**The data**
=== Section Start ===

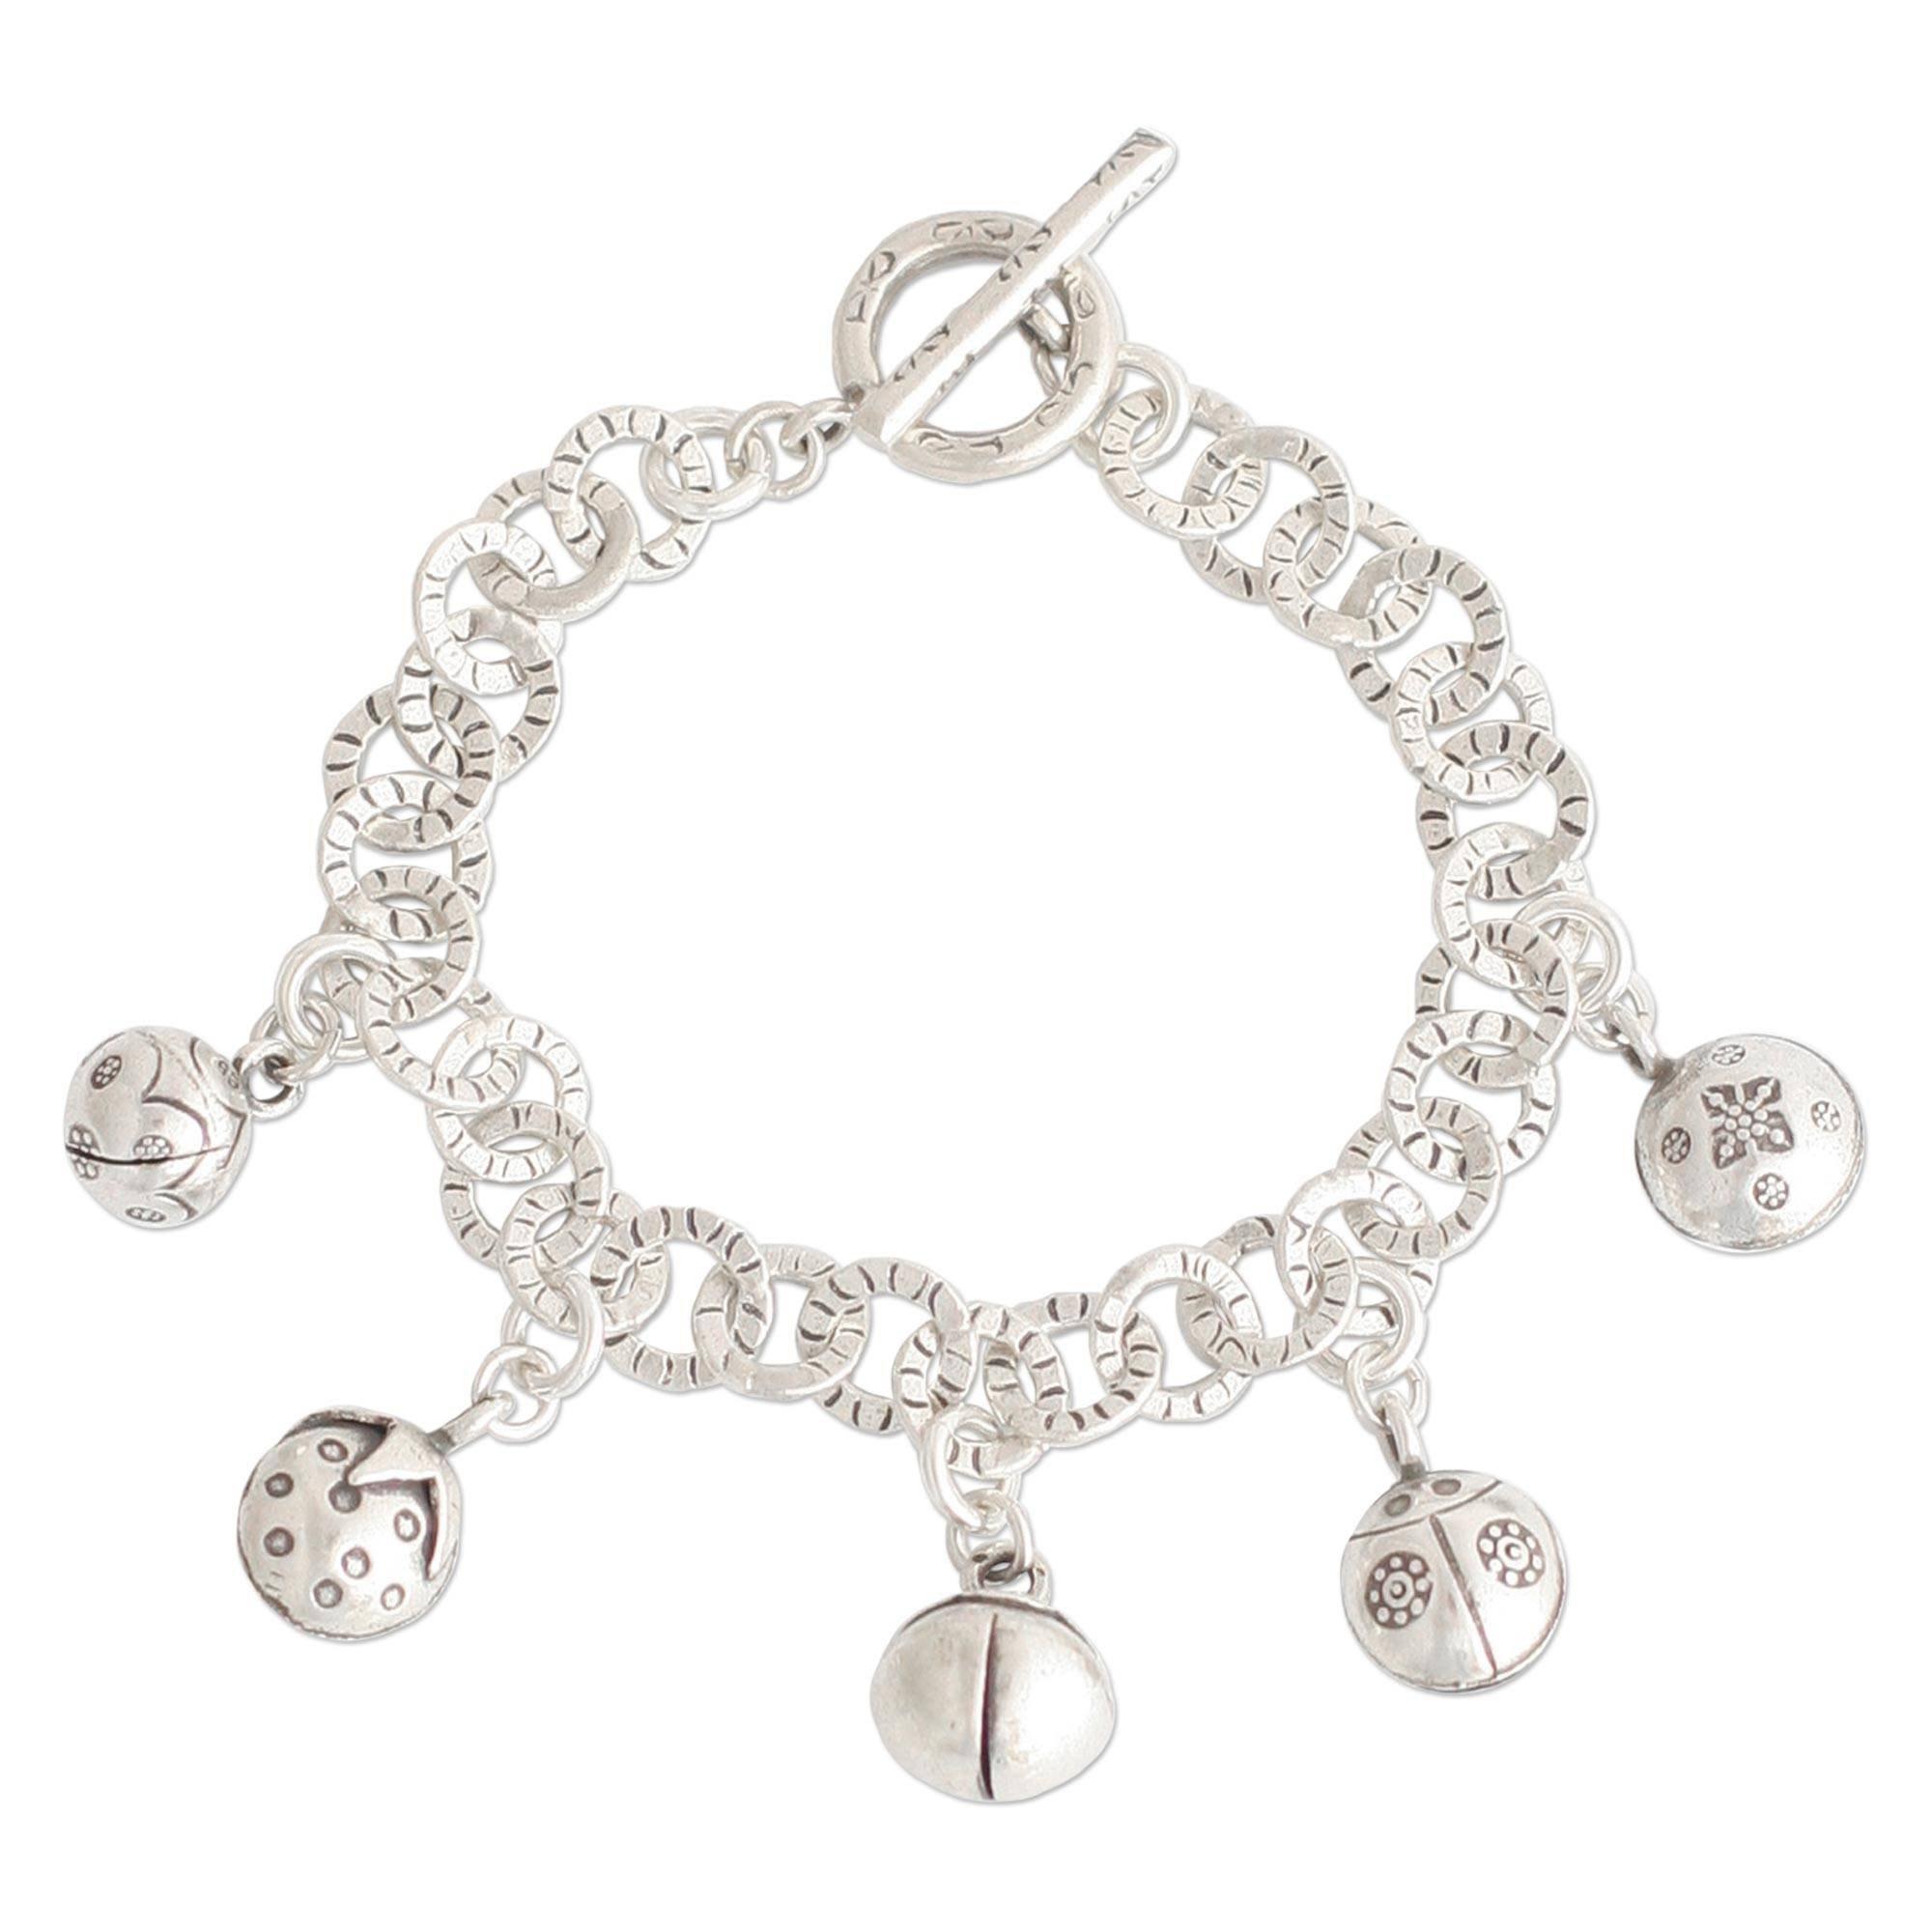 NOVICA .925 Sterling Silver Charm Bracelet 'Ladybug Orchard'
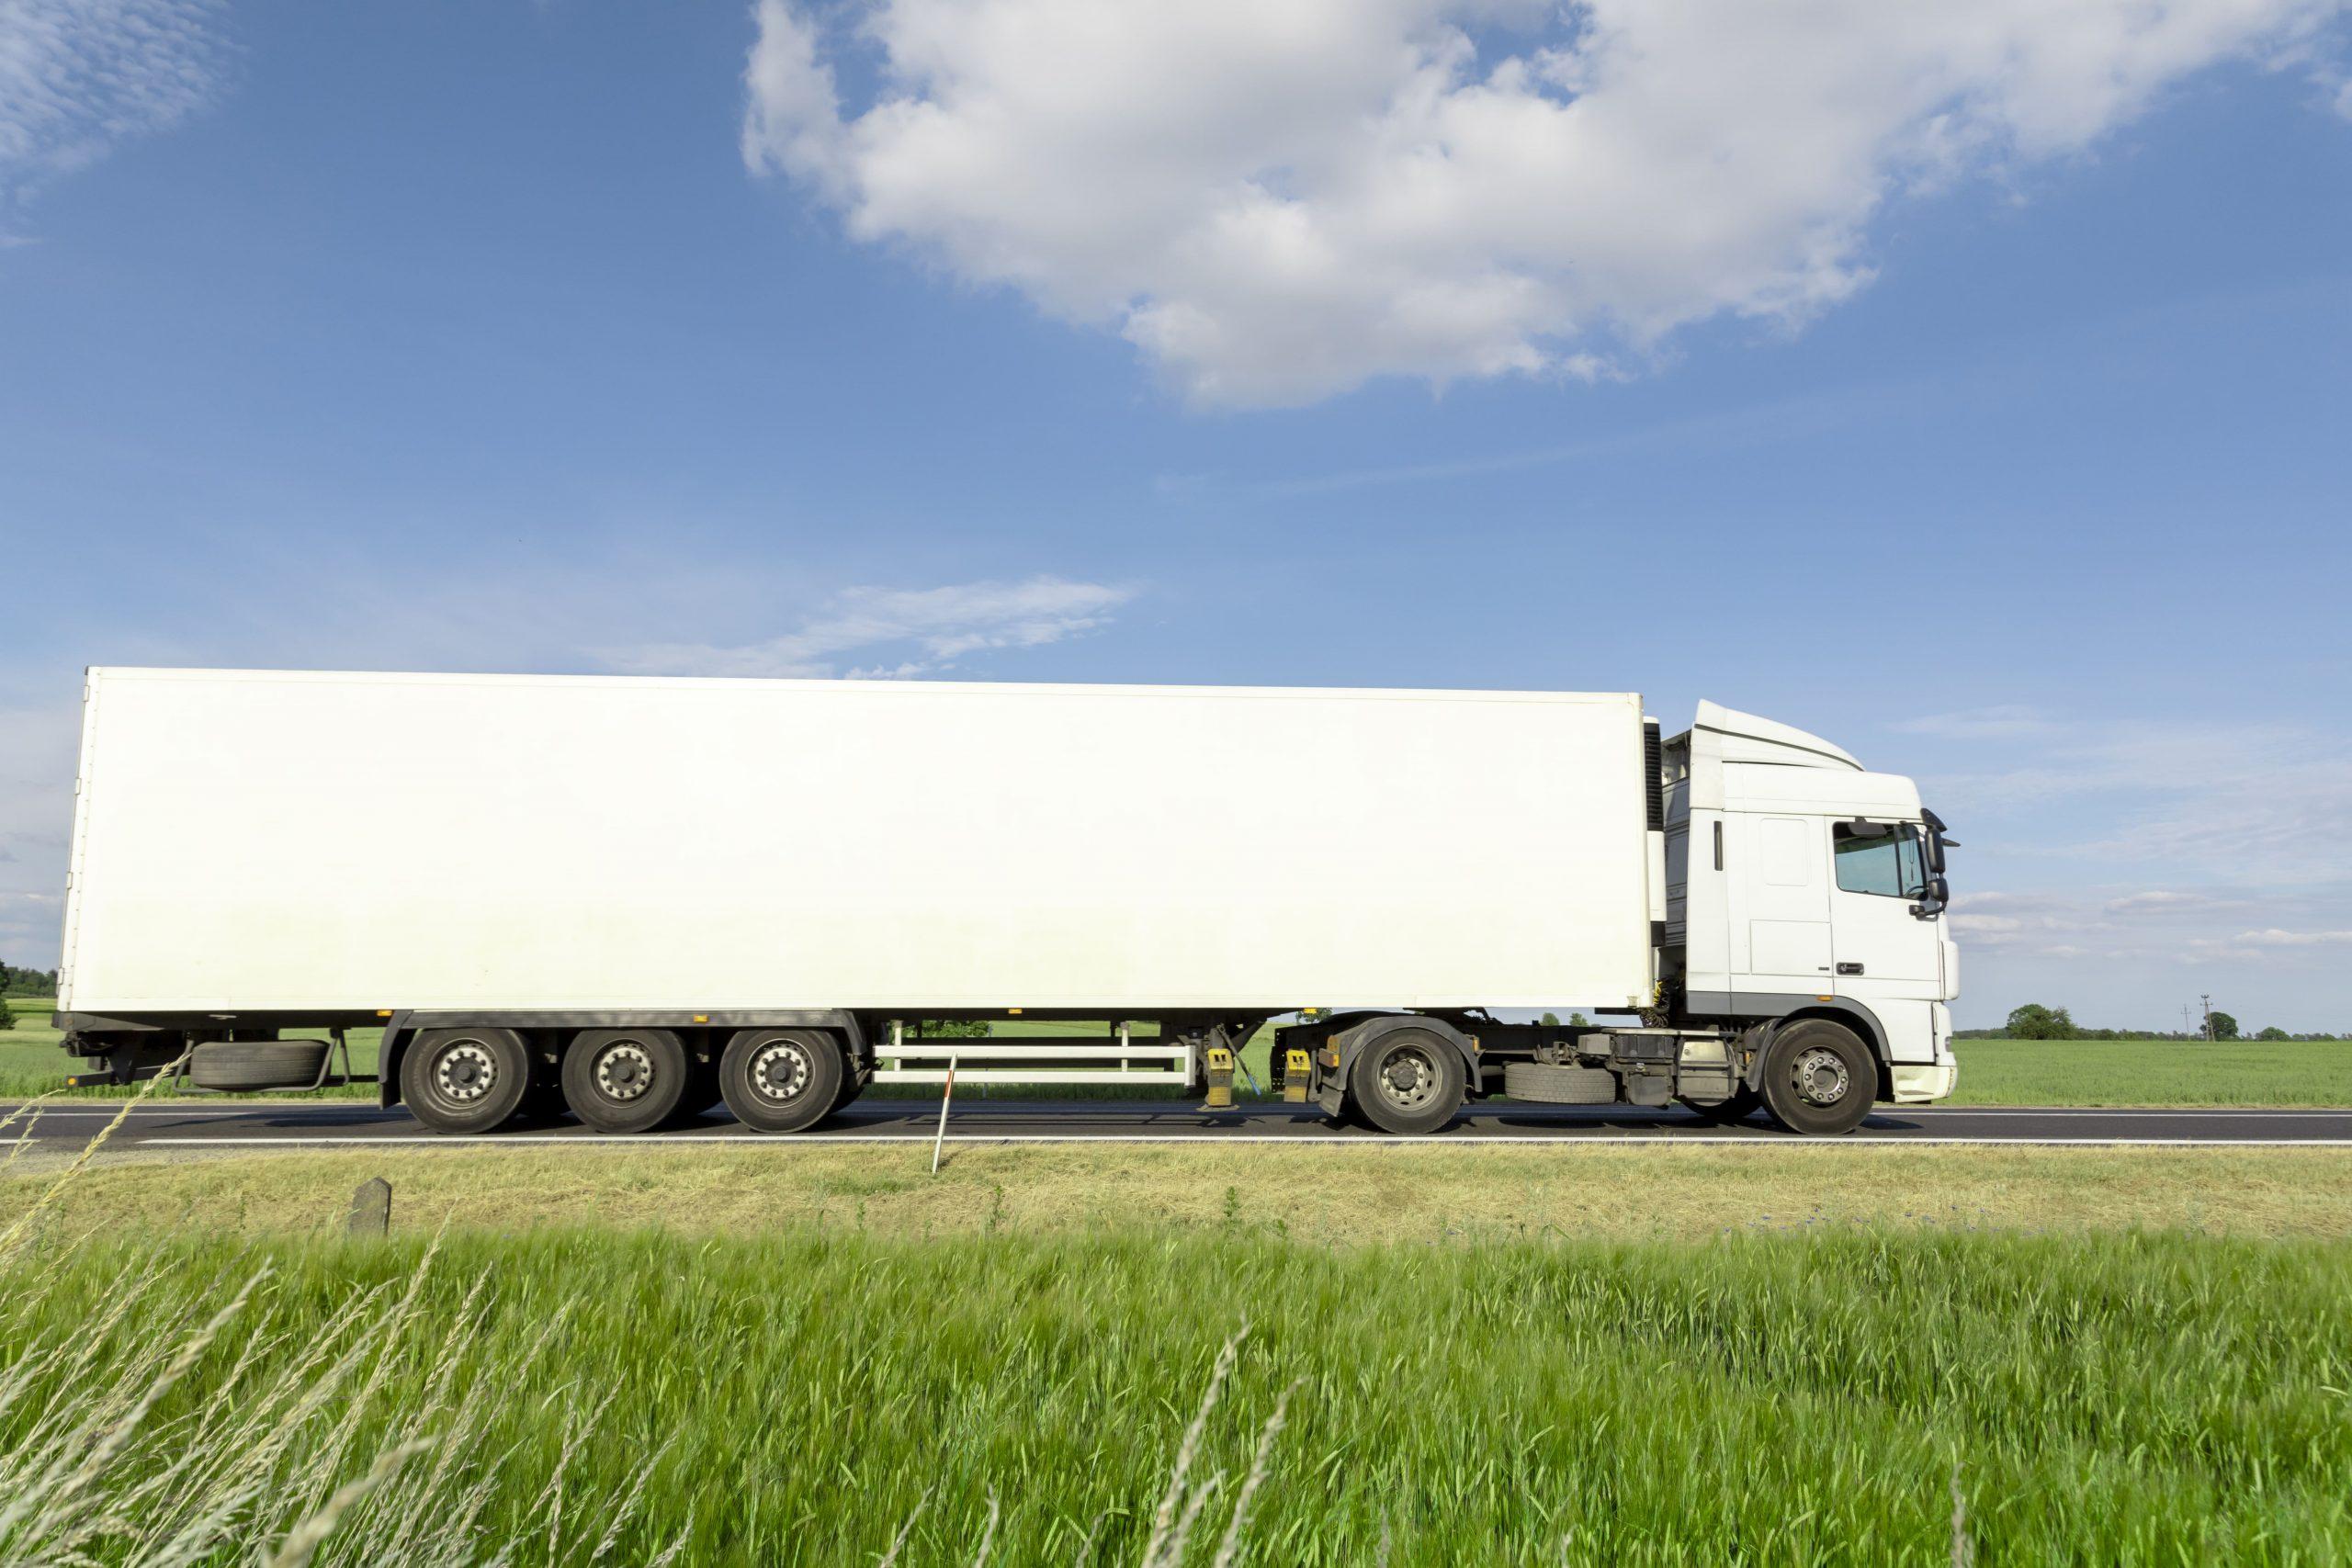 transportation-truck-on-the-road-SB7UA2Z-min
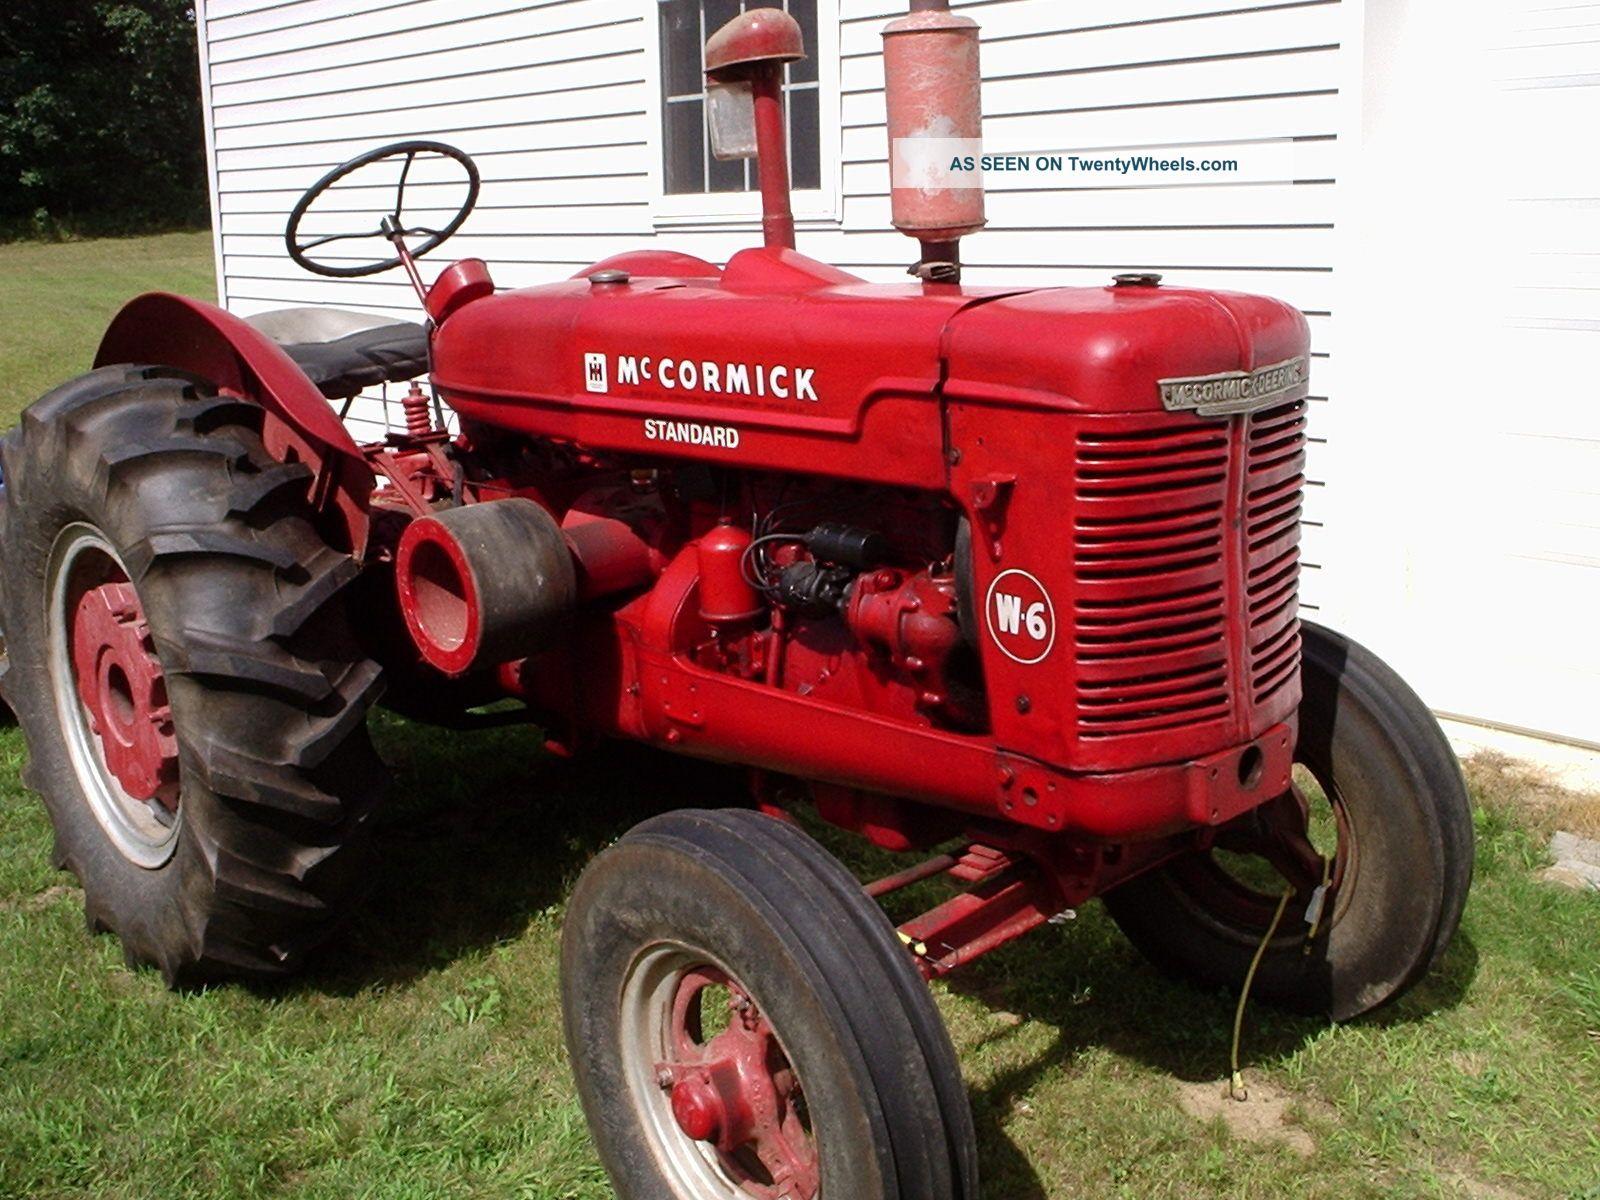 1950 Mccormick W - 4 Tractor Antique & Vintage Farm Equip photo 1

=== Section End ===

Transcribe the material above word for word; images do not belong in the copy.

**Response area**
 NOVICA .925 Sterling Silver Charm Bracelet 'Ladybug Orchard'
 transportation-truck-on-the-road-SB7UA2Z-min
 1950 Mccormick W - 4 Tractor Antique & Vintage Farm Equip photo 1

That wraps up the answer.